Alors qu’il sort chez “Zig Zag Territoires”, avec ses compères François Méchali et François Laizeau, un album largement dédié au compositeur Federico Mompou (“Musica callada” – voir notre rubrique “Dans les bacs”), le pianiste d’origine orléanaise François Couturier s’est prêté pour ô jazz ! au jeu de l’interview. Où il est question de jazz, d’improvisation… de musique, tout simplement.
couturierjfg1
Photo Jean-François Grossin

Tu as eu des inspirations diverses et souvent étonnantes, le cinéaste Tarkovsky par exemple. Pourquoi Mompou cette année, qu’est ce qui t’attirait chez lui ?

Mon travail actuel se divise clairement en deux parties. Il y a d’abord ma collaboration avec le label ECM chez qui j’enregistre ma propre musique, celle que je revendique en tant que leader. J’ai commencé à enregistrer pour ce label Poros, en duo avec le violoniste Dominique Pifarely. Puis il y a eu trois cd avec Anouar Brahem, Le pas du chat noir, Khomsa et Le voyage de Sahar.

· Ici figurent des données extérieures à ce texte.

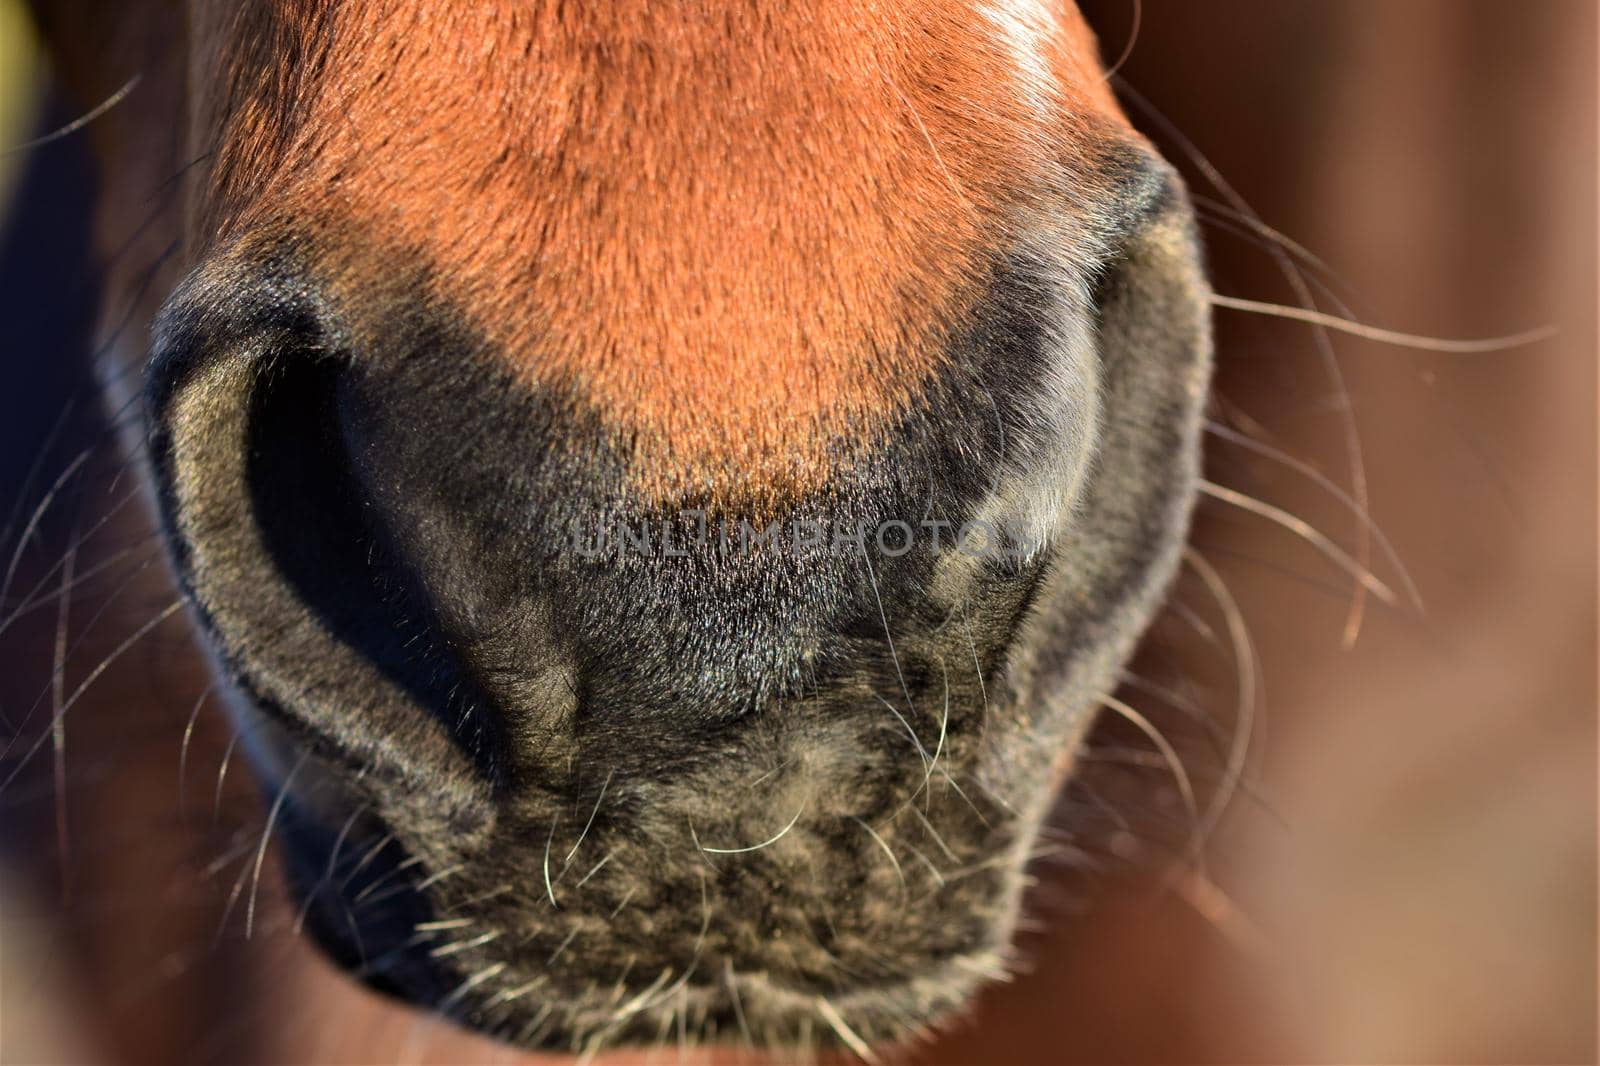 Nose of a brown horse as a close-up

Lorsque, en 2005, Manfred Eicher, le fondateur et patron d’ECM, m’a proposé de faire pour lui un enregistrement sous mon nom, j’ai tout de suite pensé à un hommage à cet immense artiste qu’est Tarkovsky. C’est mon cinéaste préféré. Andrei Roublev fut pour moi une révélation. J’ai depuis vu et revu ses sept films…

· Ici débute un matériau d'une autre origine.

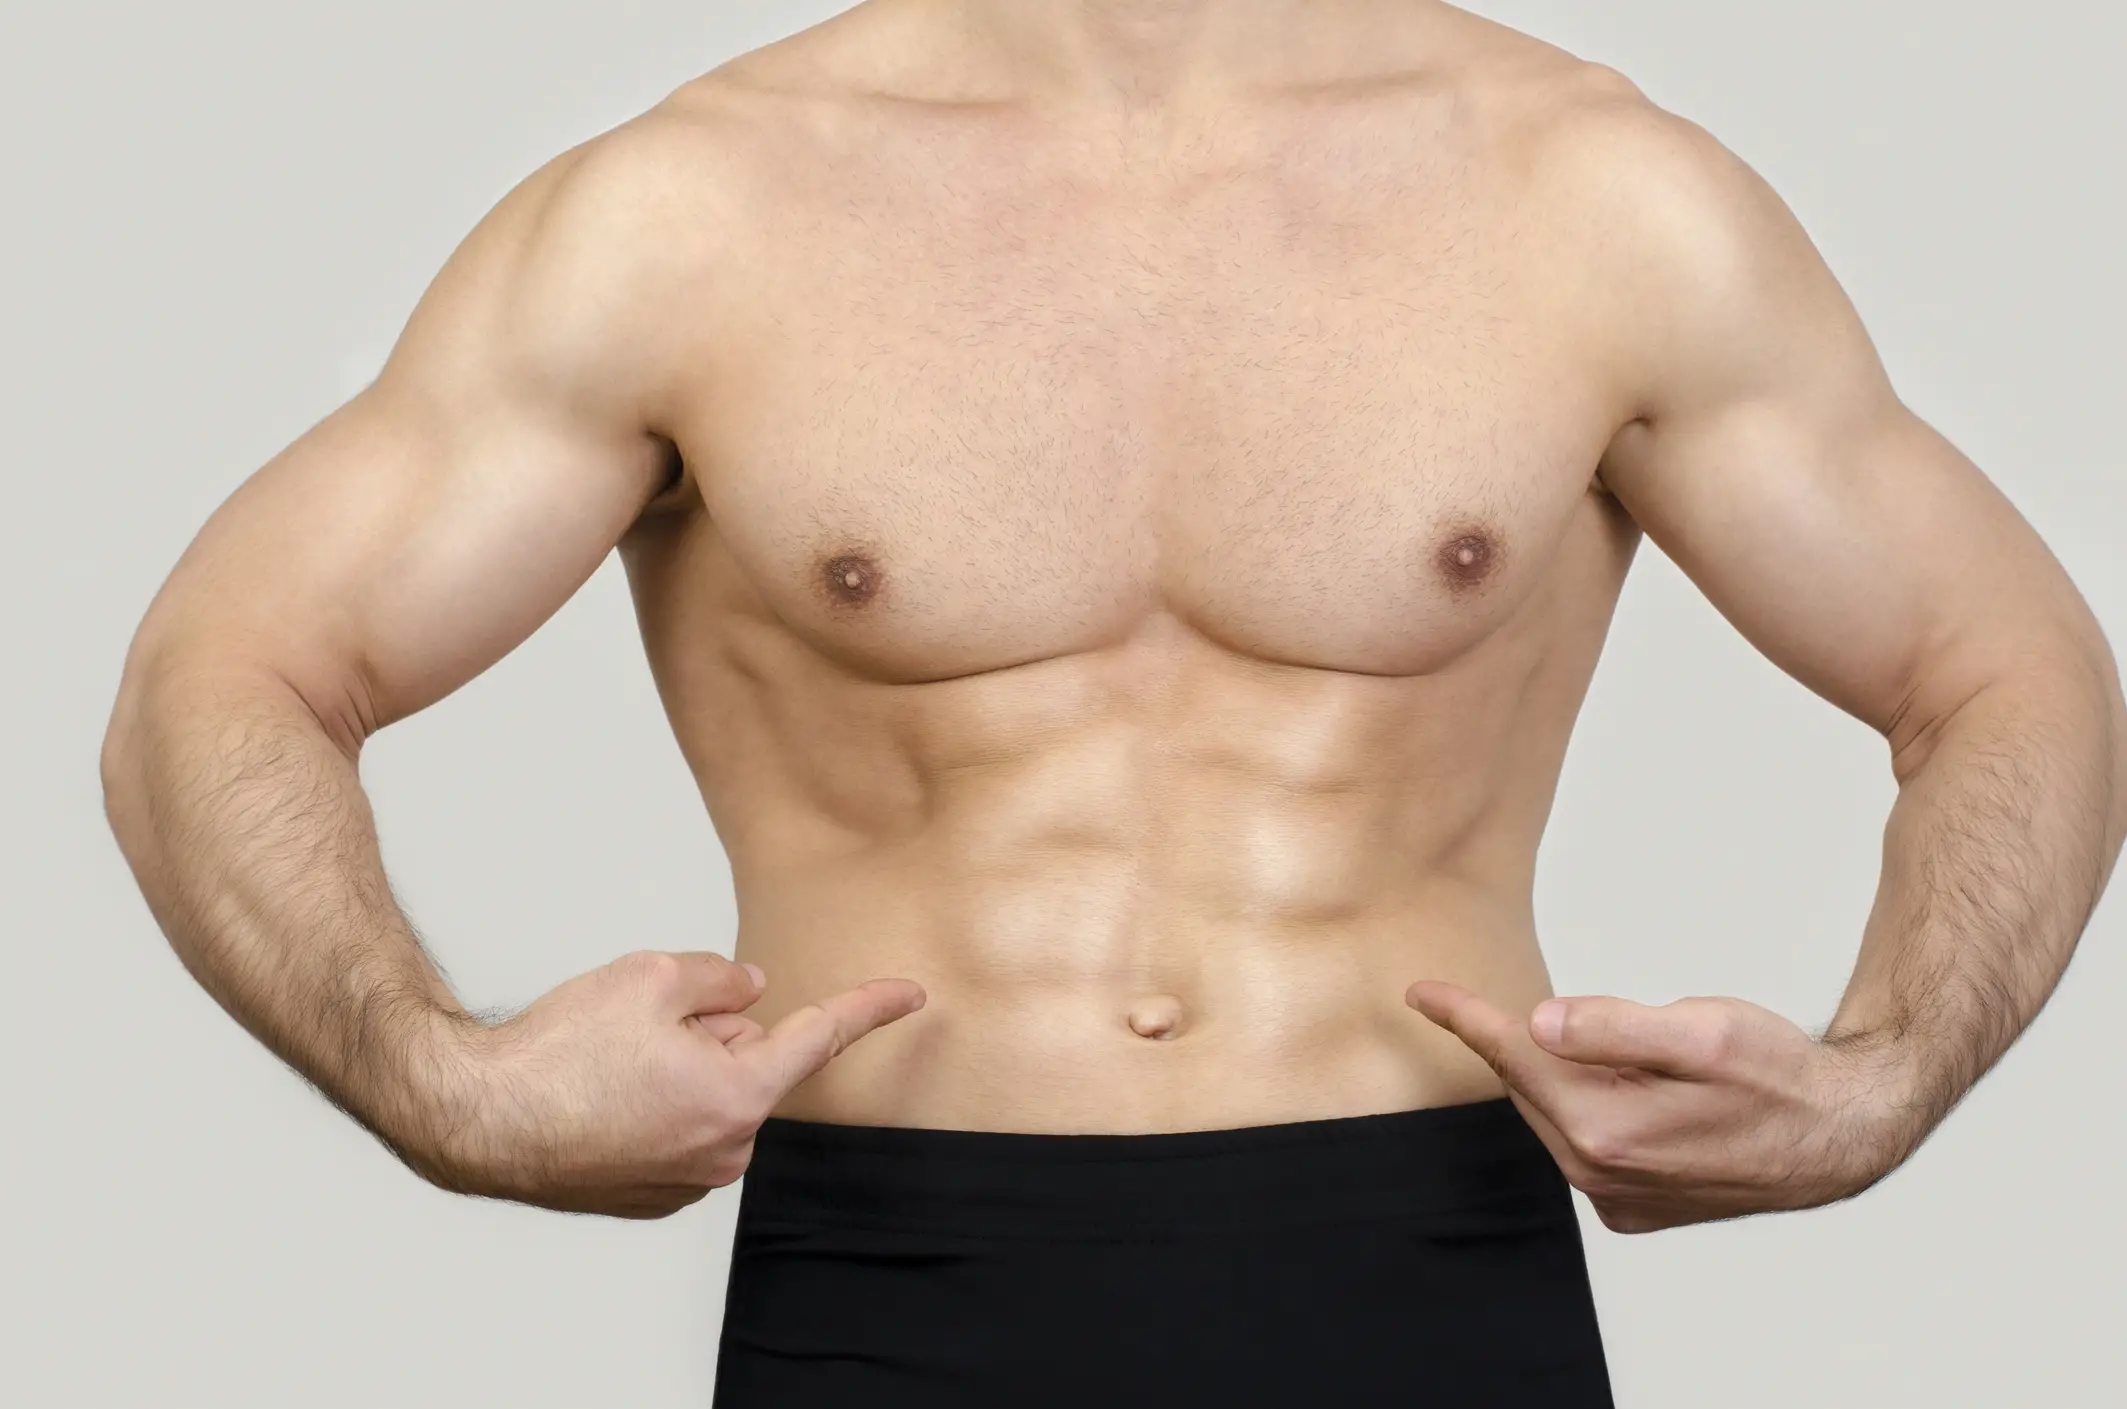 Man gaining muscle growth whilst retaining a six pack

Ce projet rassemble actuellement une trilogie, trois enregistrements faits entre 2005 et 2010 à Lugano, dans le magnifique auditorium de la Radio Suisse Italienne. Trois cd en hommage à Tarkovsky : tout d’abord le quartet Nostalghia, song for Tarkovsky, sorti en 2006. Puis le solo Un jour si blanc, début 2009. Enfin Tarkovsky quartet enregistré en décembre 2009 et qui va sortir en mars 2011. C’est le même quartet que pour Nostalghia mais la musique est beaucoup plus orchestrale.

Le deuxième axe de mon travail consiste en des collaborations.

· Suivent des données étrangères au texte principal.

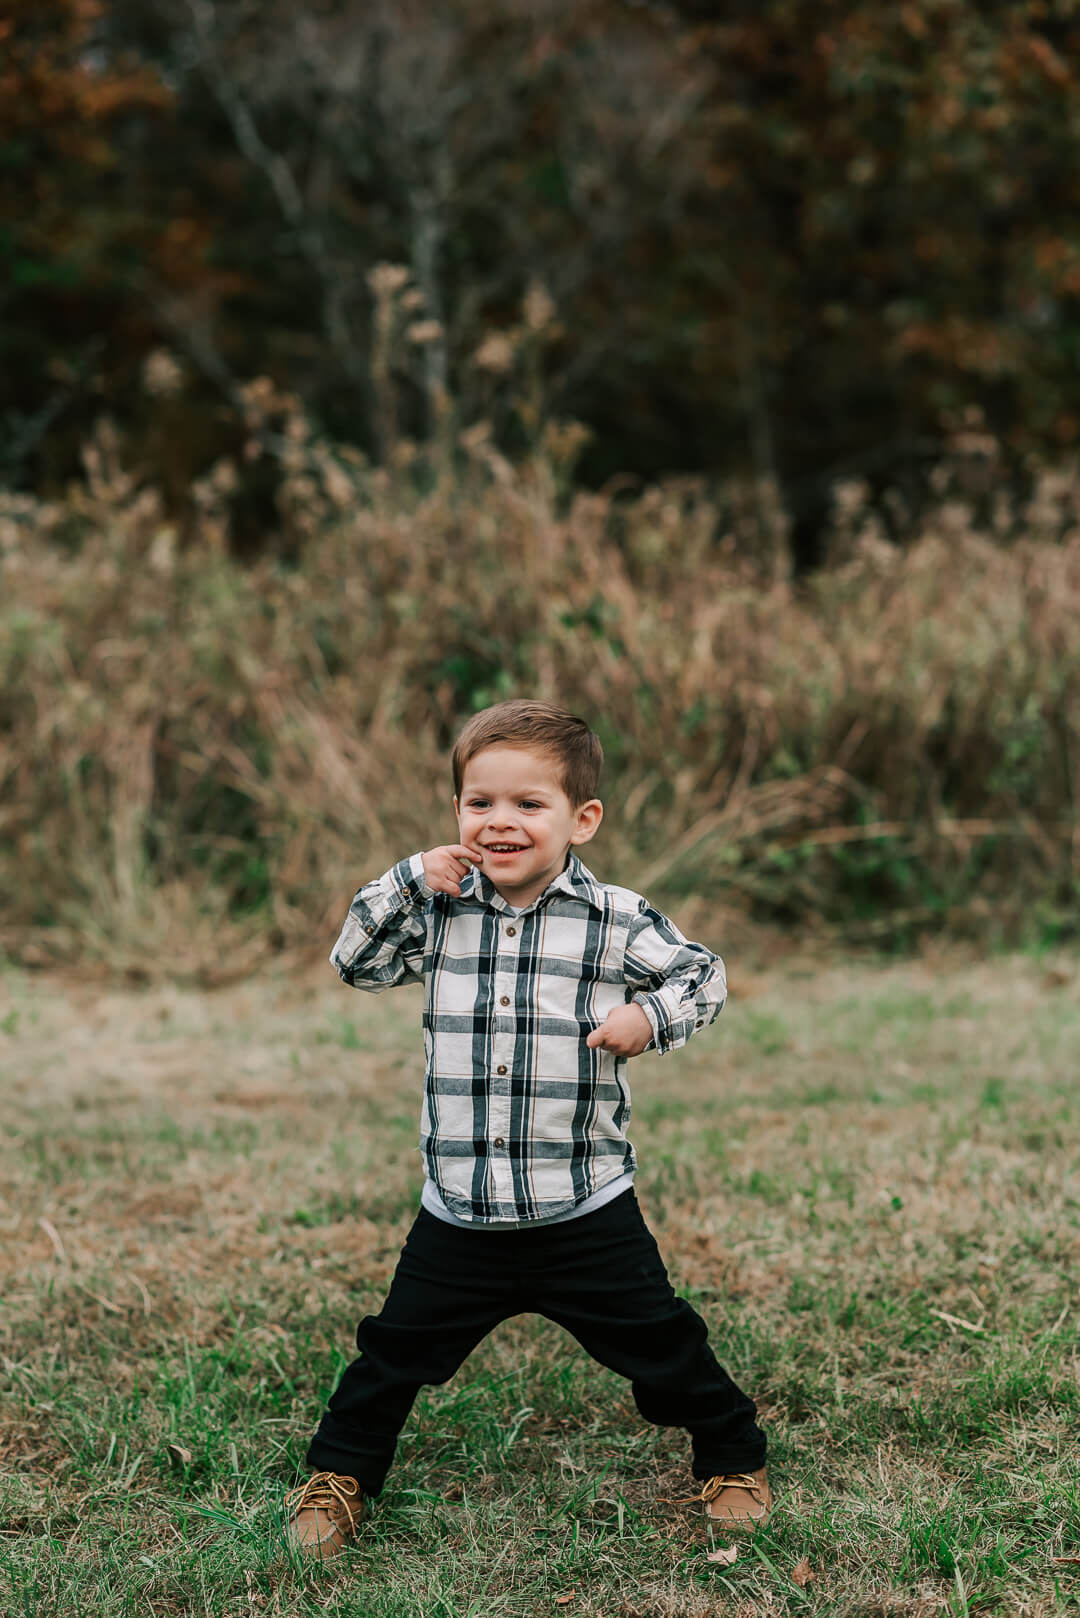 A young toddler boy in a plaid shirt plays in a clemyjontri park field

Pour Musica Callada, c’est le contrebassiste Francois Méchali qui est vraiment à l’origine du projet. Il formait un trio avec le merveilleux saxophoniste américain Larry Schneider, et Francois Laizeau à la batterie. Il m’a invité à me joindre à eux. Et lors du travail préparatoire, il m’a proposé des pièces de Federico Mompou, que je ne connaissais pas !

J’ai tout de suite adoré cette musique simple, mélodique.

Le résultat est Correspondances enregistré en 2000 pour Charlotte Records. Nous jouions déjà dans ce programme certaines pièces de ce compositeur. Musica callada, le dernier cd en trio (sans saxophone), lui est entièrement consacré.

couturier-jfg2
Photo Jean-François Grossin

Comment s’est passé le travail autour de Mompou ? Beaucoup de morceaux sont signés de son nom. Pourtant, c’est une interprétation. Dans quelle mesure ?

Je joue quasiment toutes les pièces comme le compositeur les a écrites. Et le style des improvisations est vraiment varié, libre, atonal, modal ou harmonique. Nous n’avons absolument pas cherché ni voulu « jazzifier » la partition écrite.

C’est une magnifique musique, très lente et mélodique.

Comment s’est fait le choix des thèmes, puis l’appropriation par le trio ?

L’essentiel de notre travail est dans l’écoute mutuelle. Trouver le bon équilibre piano-contrebasse lors de l’exposition des thèmes qui sont souvent très simples et mélodiques.

La structure initiale des Canziones y danzas est en deux parties, l’une mélodique l’autre plus dansante. Nous n’avons gardé que la mélodie. La « danse » intervient avec le rôle très particulier de la batterie, parfois coloriste mais souvent très rythmique, sans dénaturer, à mon avis, la musique du compositeur. Au contraire, elle retrouve, d’une autre façon, l’aspect dansant original de la partition.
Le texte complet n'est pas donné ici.